Ministério da Justiça e Segurança Pública pede que o Ministério da Economia reduza o tempo entre lançamento do edital e aplicação das provas. Banca organizadora deve ser escolhida até janeiro.
A Polícia Federal estuda realizar as provas objetivas do próximo concurso o mais rápido possível. Através de ofício protocolado na última segunda-feira, 14 de dezembro, o secretário executivo do Ministério da Justiça e Segurança Pública,Tércio Issami Tokano, pasta que rege a corporação, foi solicitado ao Ministério da Economia a redução do prazo legal concedido pelo Governo Federal de quatro para dois meses, para publicar o edital e aplicar as etapas de avaliação.
Com esse intuito, a Polícia Federal pretende ainda contratar a banca organizadora até janeiro do próximo ano.
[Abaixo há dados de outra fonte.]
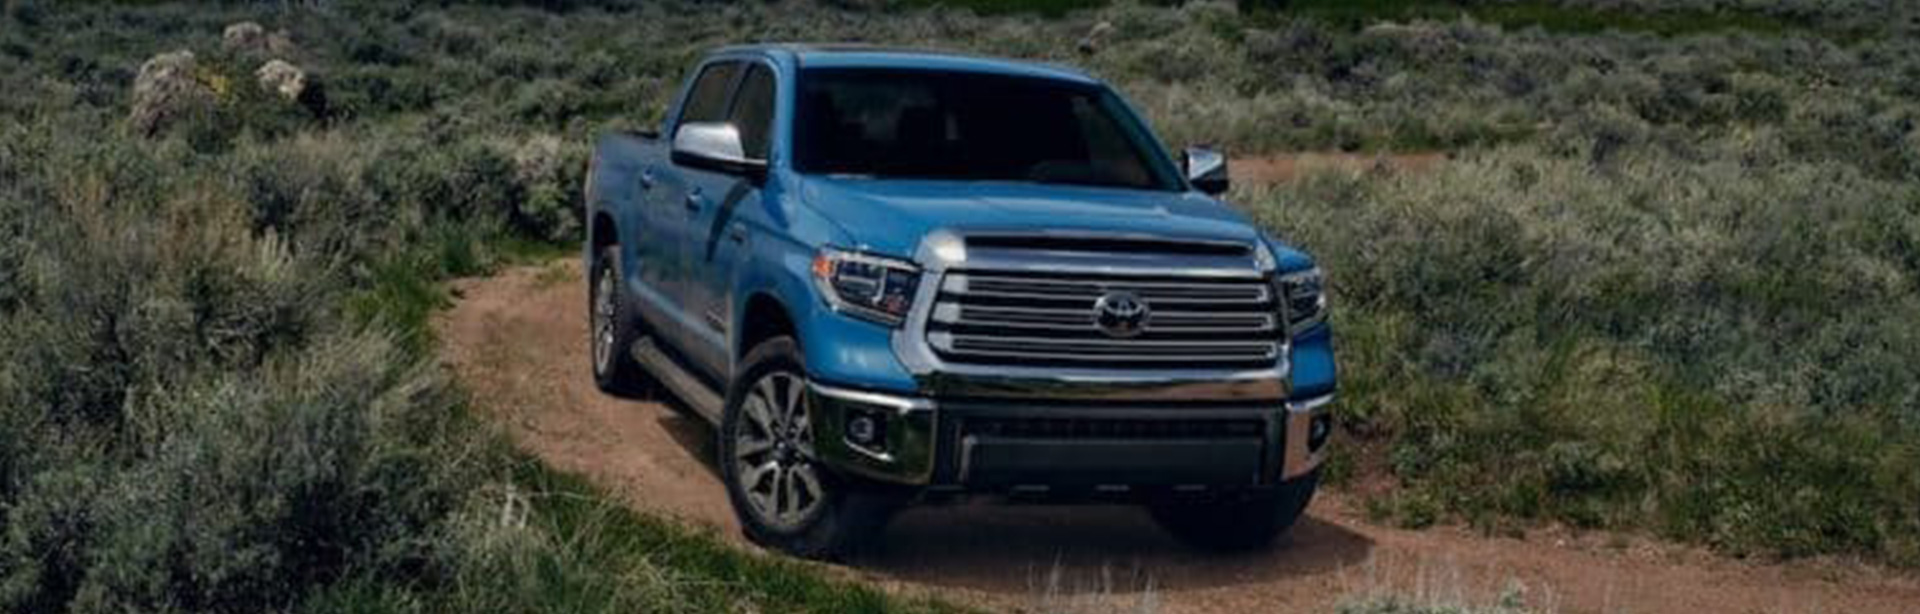 The 2020 Toyota Tundra: Everything You Need to Know | Raleigh, NC
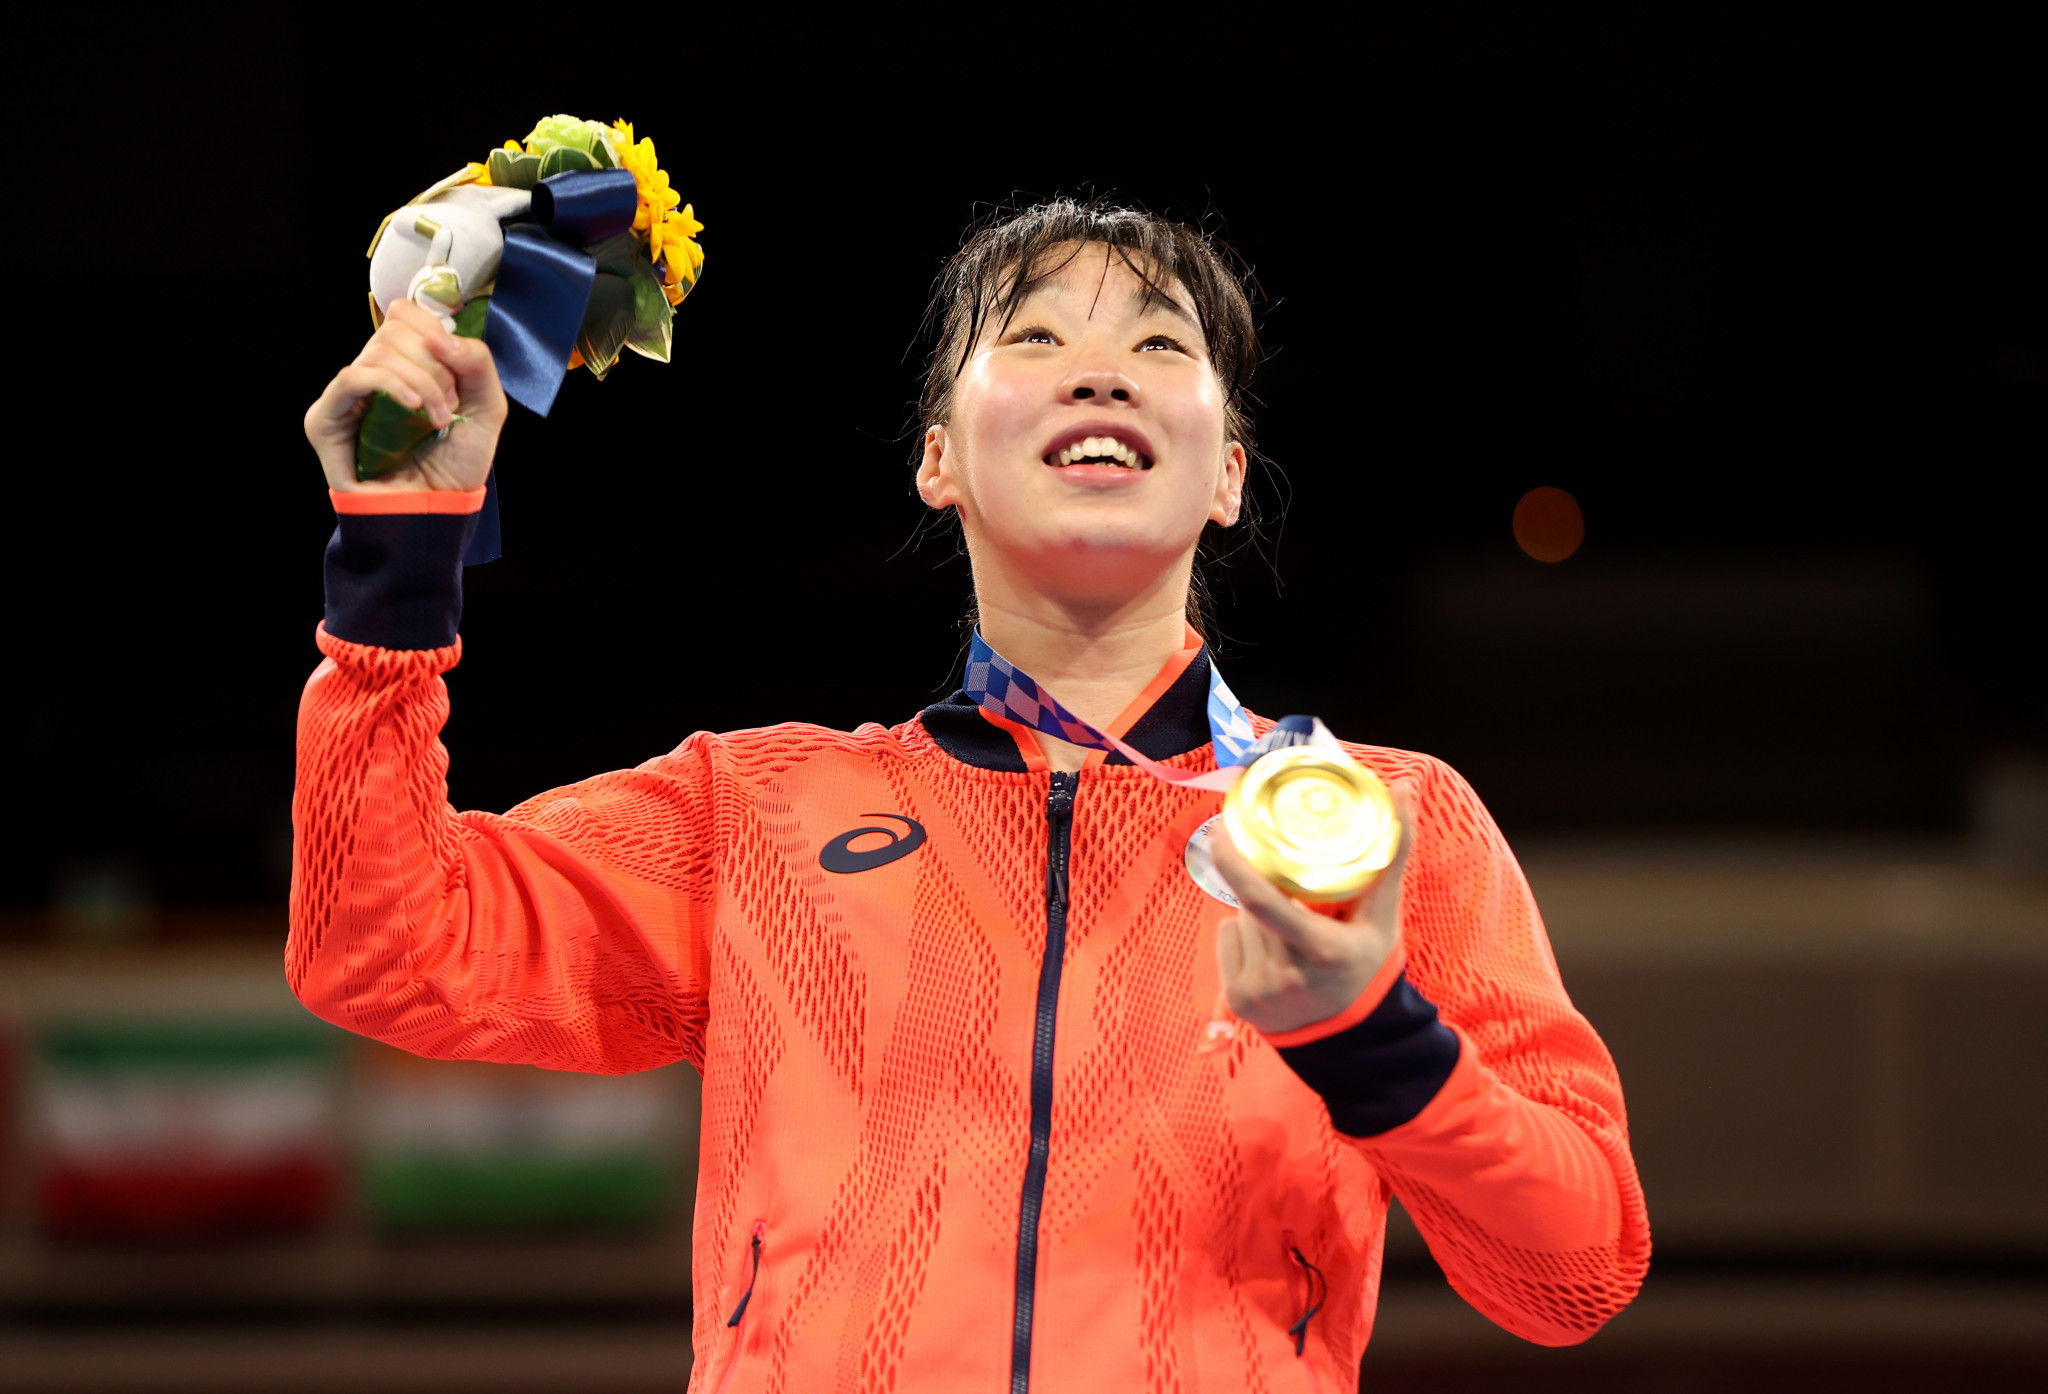 Tokyo 2020 gold medallist Irie to study amphibians after boxing retirement

O próprio ofício menciona que o processo de escolha do organizador já está em andamento. Conforme consta no documento, o objetivo da corporação é preencher todas as 1.500 vagas ainda em 2021, inclusive, já iniciando o curso de formação dos novos policiais, desde que se cumpram todas as longas etapas.
O fato do Ministério da Economia ter postergado muito o aval para esse concurso, todo o cronograma será afetado. E nesse sentido, a Polícia Federal quer acelerar o processo de escolha do organizador, para ter um edital nos primeiros meses de 2021 e aplicar as provas objetivas também brevemente, já que a primeira fase de avaliação possui um prazo de, aproximadamente, cinco meses, considerando os prazos legais que são obrigatórios, sendo composta pelas seguintes etapas de avaliação:
- Provas objetivas;
- Provas discursivas;
- Exame de aptidão física;
- Avaliação psicológica;
- Avaliação médica;
- Prova de digitação (apenas para o cargo de escrivão);
- Prova oral (apenas para o cargo de delegado);
- Avaliação de títulos (apenas para o cargo de delegado);
- Perícia dos candidatos com deficiência;
- Heteroidenficação dos candidatos negros.
Já o Curso de Formação Profissional, realizado em Brasília, na Academia Nacional de Polícia, tem duração prevista de 10 semanas, sendo necessária a realização de dois cursos de formação com 1.500 novos policiais, conforme consta no documento. Sendo assim, a Polícia Federal planeja realizar duas turmas e concluir toda essa primeira etapa em até cinco meses.
Curso de Formação deve ser em 2021
Durante a cerimônia de formação de novos delegados e peritos da Polícia Federal, o diretor-geral da corporação, Rolando Alexandre, declarou que além de contratar os 1.500 aprovados para ocupar as vagas imediatas, outros 500 excedentes deverão ser convocados até 2022. Nessa ocasião, Alexandre confirmou ainda que a primeira turma do Curso de Formação será aberta no ano que vem.
Distribuição das 1.500 vagas do novo concurso da Polícia Federal
- 123 vagas para o cargo de delegado;
- 893 vagas para o cargo de agente;
- 400 vagas para o cargo de escrivão;
- 84 vagas para o cargo de papiloscopista.
As carreiras de agente, escrivão e papiloscopistas exigem nível superior em qualquer área de formação e Carteira Nacional de Habilitação. A remuneração para esses três cargos é de R$12.522,50 mensais.
Já para a função de delegado, é preciso ter nível superior em Direito, com experiência profissional de, no mínimo, três anos na área e Carteira Nacional de Habilitação. A remuneração é de R$23.130,48 mensais. A contratação de todos os aprovados será pelo regime estatutário, que permite ao servidor ter estabilidade.